Yes. I agree, will refactor the code.

> 
> > > Also, the refcnt management is a bit strange. Please put an
> > > abstraction by adding create_iface(), get_iface() and
> > > release_iface(). In the get_ifce(),
> > > vtep->refcnt should be incremented. And in the release_iface(), it
> > > vtep->decrease the
> > OK. Good proposal. I'll refactor the code.
> >
> > > refcnt and if it reaches to zero, the iface can be removed.
> > > create_iface() will set the refcnt to 1. And if you refer to
> > > mlx5_hrxq_get(), it even does searching the list not by repeating the
> same lookup code here and there.
> > > That will make your code much simpler.
> > >
> > > > +		DRV_LOG(INFO, "VTEP delete (%d)", vtep->ifindex);
> > > > +		nlh = mnl_nlmsg_put_header(buf);
> > > > +		nlh->nlmsg_type = RTM_DELLINK;
> > > > +		nlh->nlmsg_flags = NLM_F_REQUEST;
> > > > +		ifm = mnl_nlmsg_put_extra_header(nlh, sizeof(*ifm));
> > > > +		ifm->ifi_family = AF_UNSPEC;
> > > > +		ifm->ifi_index = vtep->ifindex;
> > > > +		ret = flow_tcf_nl_ack(tcf, nlh, 0, NULL, NULL);
> > > > +		if (ret)
> > > > +			DRV_LOG(WARNING, "netlink: error deleting VXLAN
> > > "
> > > > +					 "encap/decap ifindex %u",
> > > > +					 ifm->ifi_index);
> > > > +	}
> > > > +	rte_free(vtep);
> > > > +}
> > > > +
> > > > +/**
> > > > + * Creates VTEP network device.
> > > > + *
> > > > + * @param[in] tcf
> > > > + *   Context object initialized by mlx5_flow_tcf_context_create().
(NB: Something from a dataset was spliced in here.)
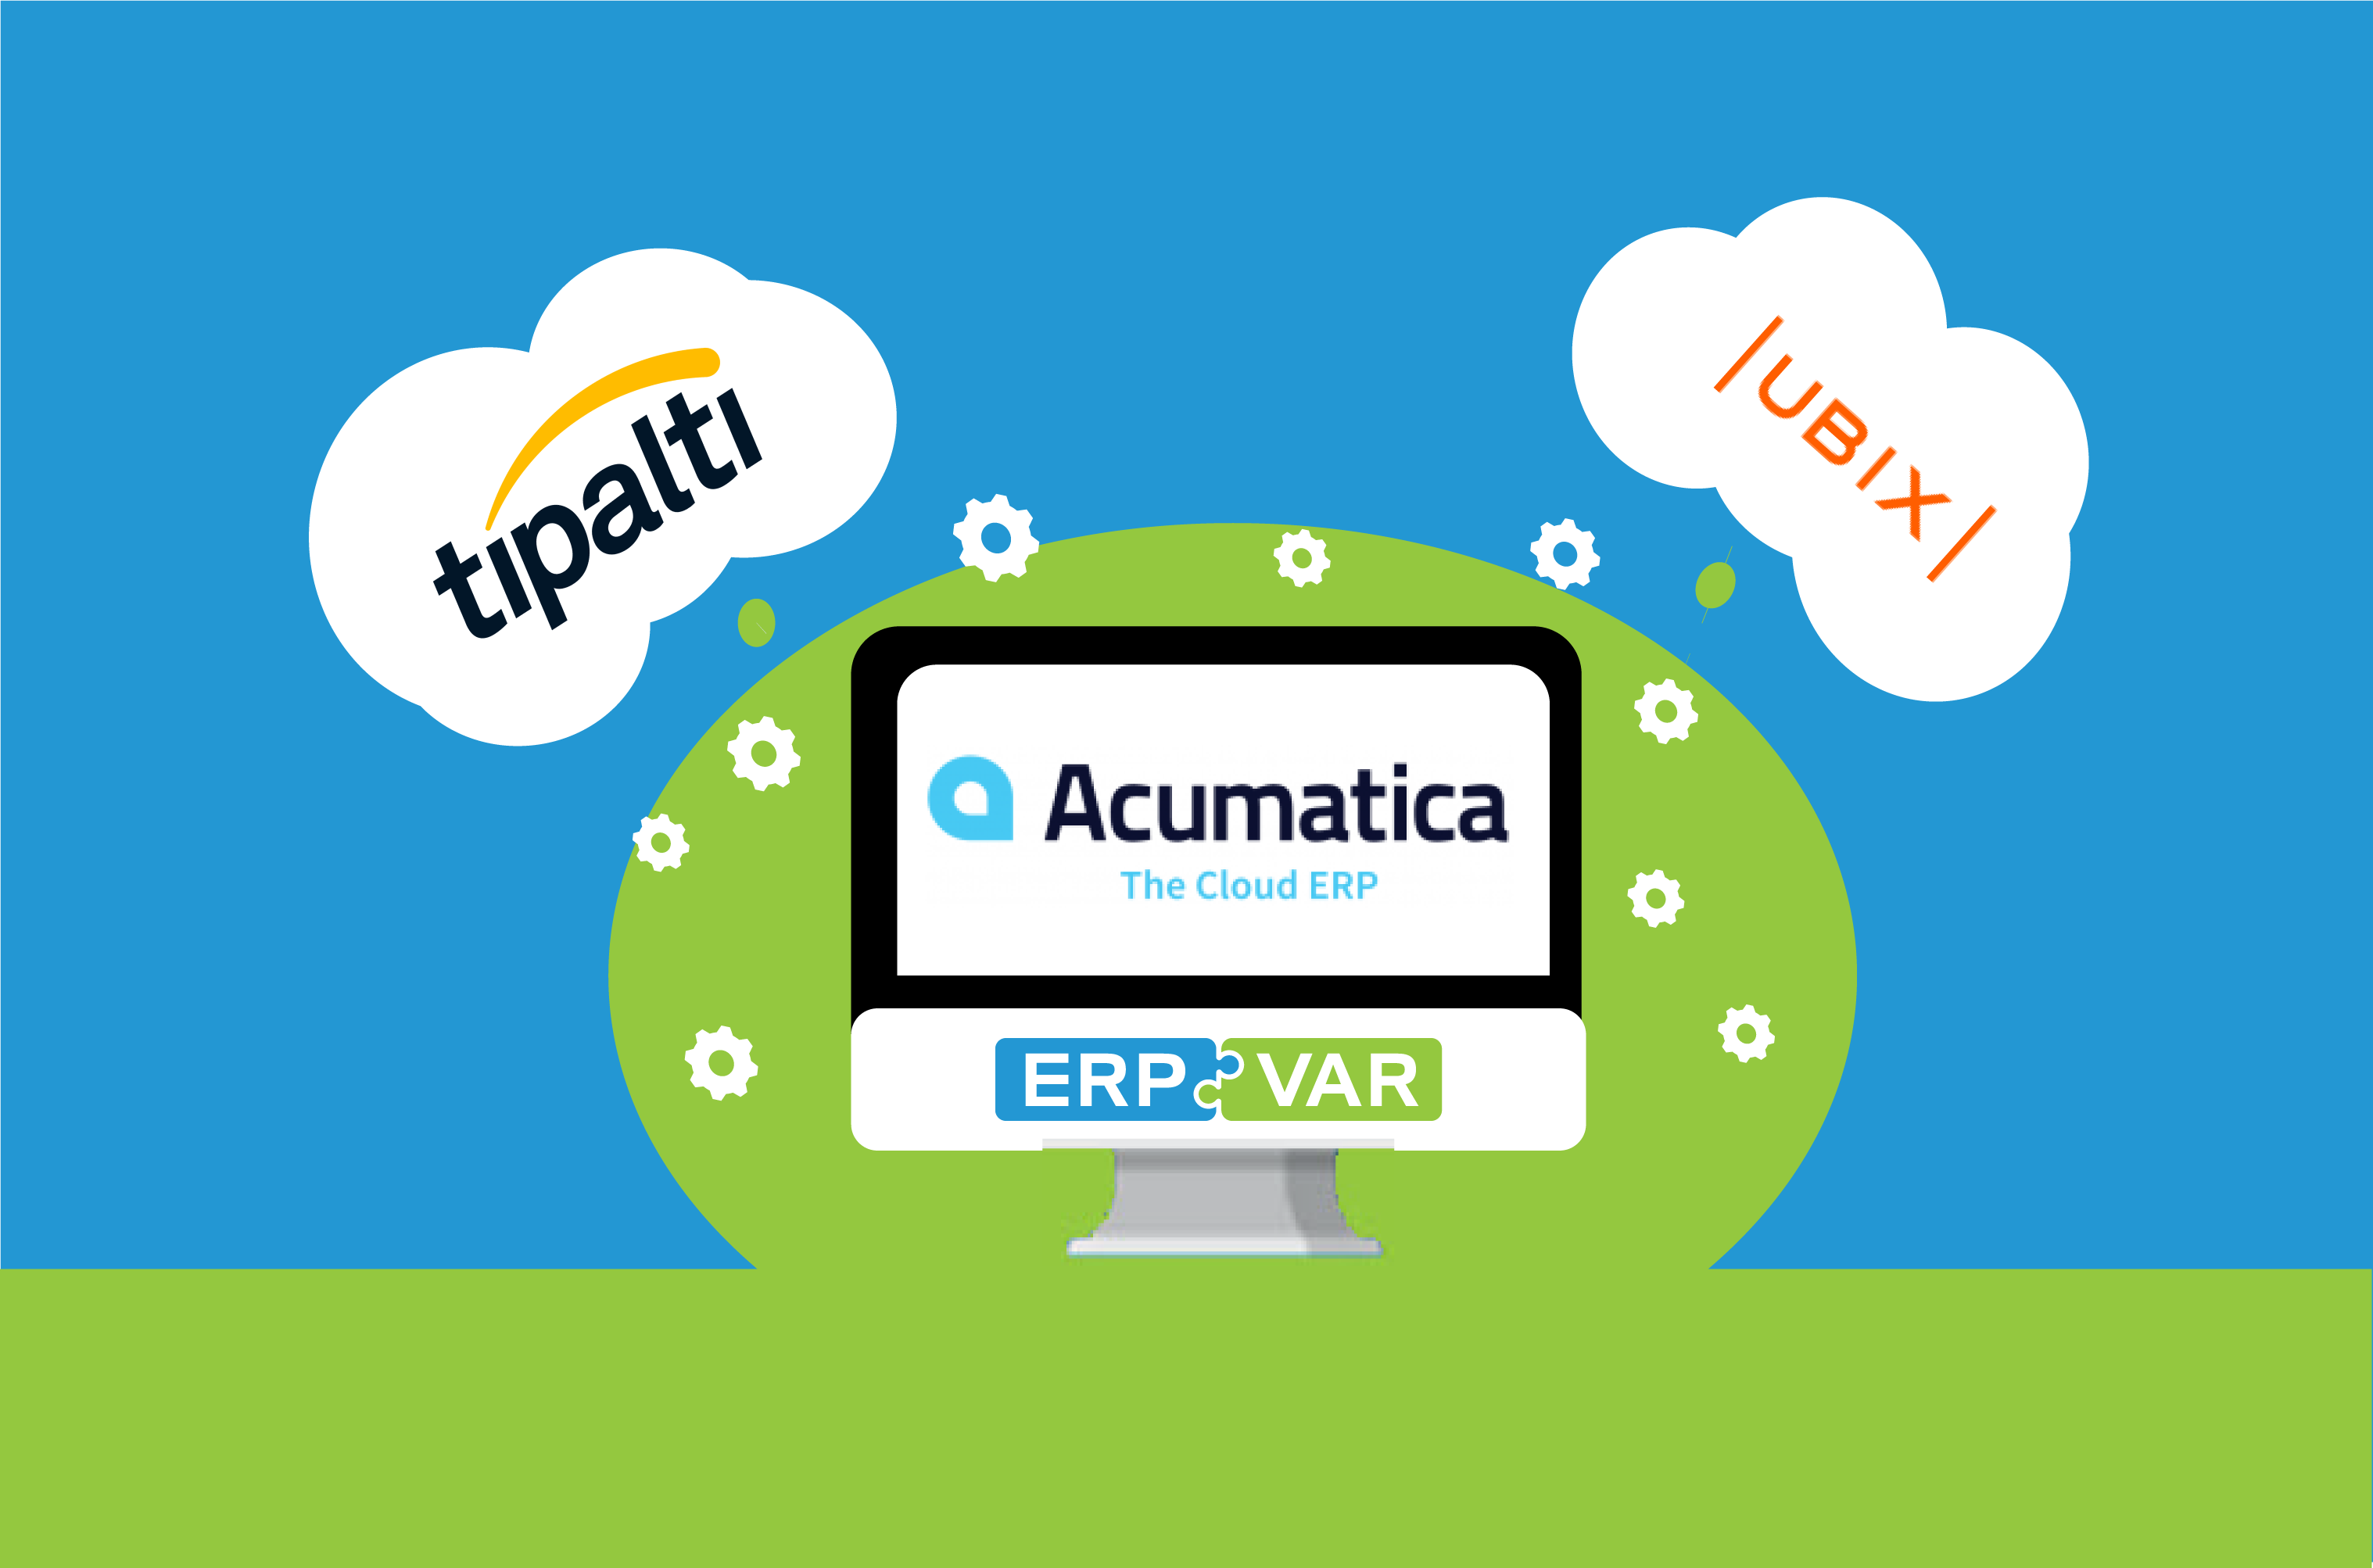 Acumatica Webinar with Tipalti Accounts Payable and UBIX Data Analytics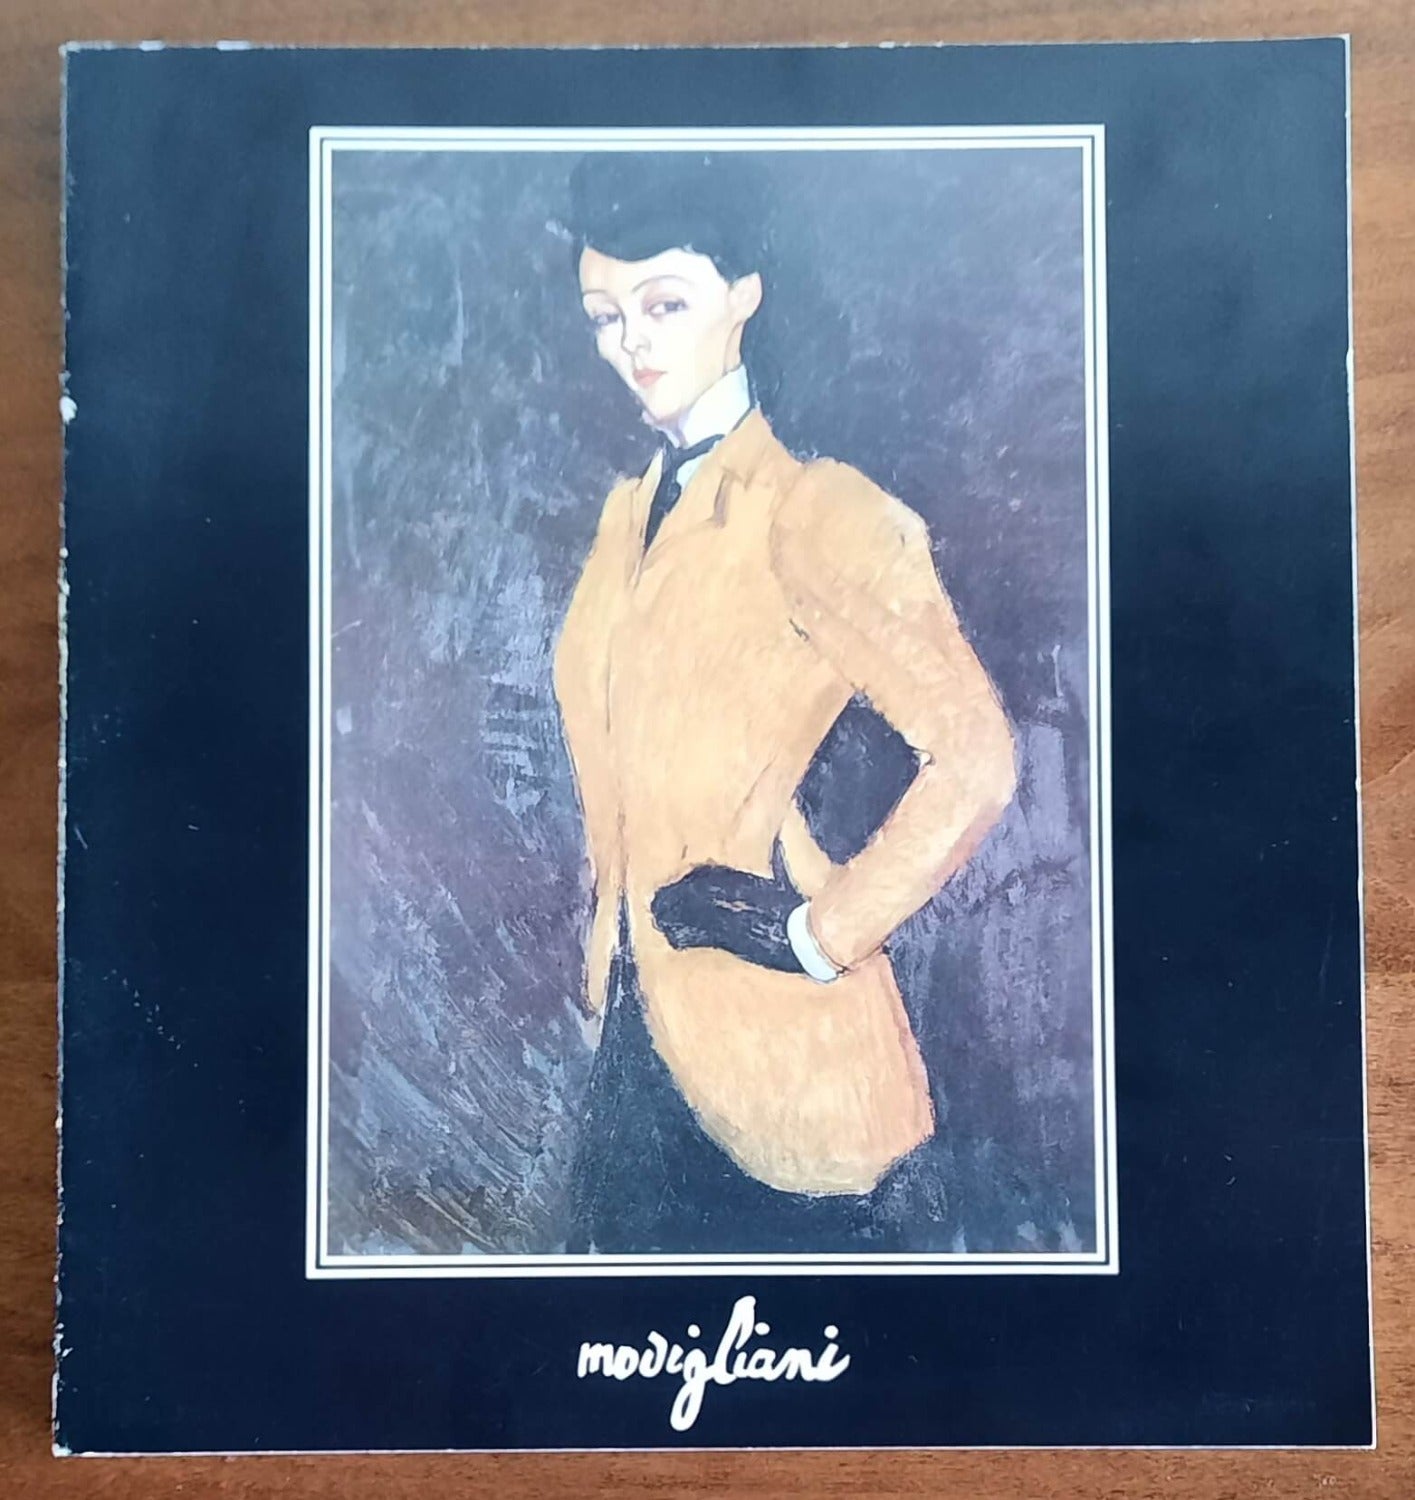 Amedeo Modigliani 1884 - 1920

> > > > + * @param[in] ifouter
> > > > + *   Outer interface to attach new-created VXLAN device
> > > > + *   If zero the VXLAN device will not be attached to any device.
> > > > + * @param[in] port
> > > > + *   UDP port of created VTEP device.
> > > > + * @param[out] error
> > > > + *   Perform verbose error reporting if not NULL.
> > > > + *
> > > > + * @return
> > > > + * Pointer to created device structure on success, NULL otherwise
> > > > + * and rte_errno is set.
> > > > + */
> > > > +#ifndef HAVE_IFLA_VXLAN_COLLECT_METADATA
> > >
> > > Why negative(ifndef) first intead of positive(ifdef)?
> > Hm. Did I miss the rule. Positive #ifdef first? OK.
> 
> No concrete rule but if there's no specific reason, it would be better to start
> from ifdef.
> 
> > > > +static struct mlx5_flow_tcf_vtep* flow_tcf_create_iface(struct
> > > > +mlx5_flow_tcf_context *tcf __rte_unused,
> > > > +		      unsigned int ifouter __rte_unused,
> > > > +		      uint16_t port __rte_unused,
> > > > +		      struct rte_flow_error *error) {
> > > > +	rte_flow_error_set(error, ENOTSUP,
> > > > +			 RTE_FLOW_ERROR_TYPE_UNSPECIFIED, NULL,
> > > > +			 "netlink: failed to create VTEP, "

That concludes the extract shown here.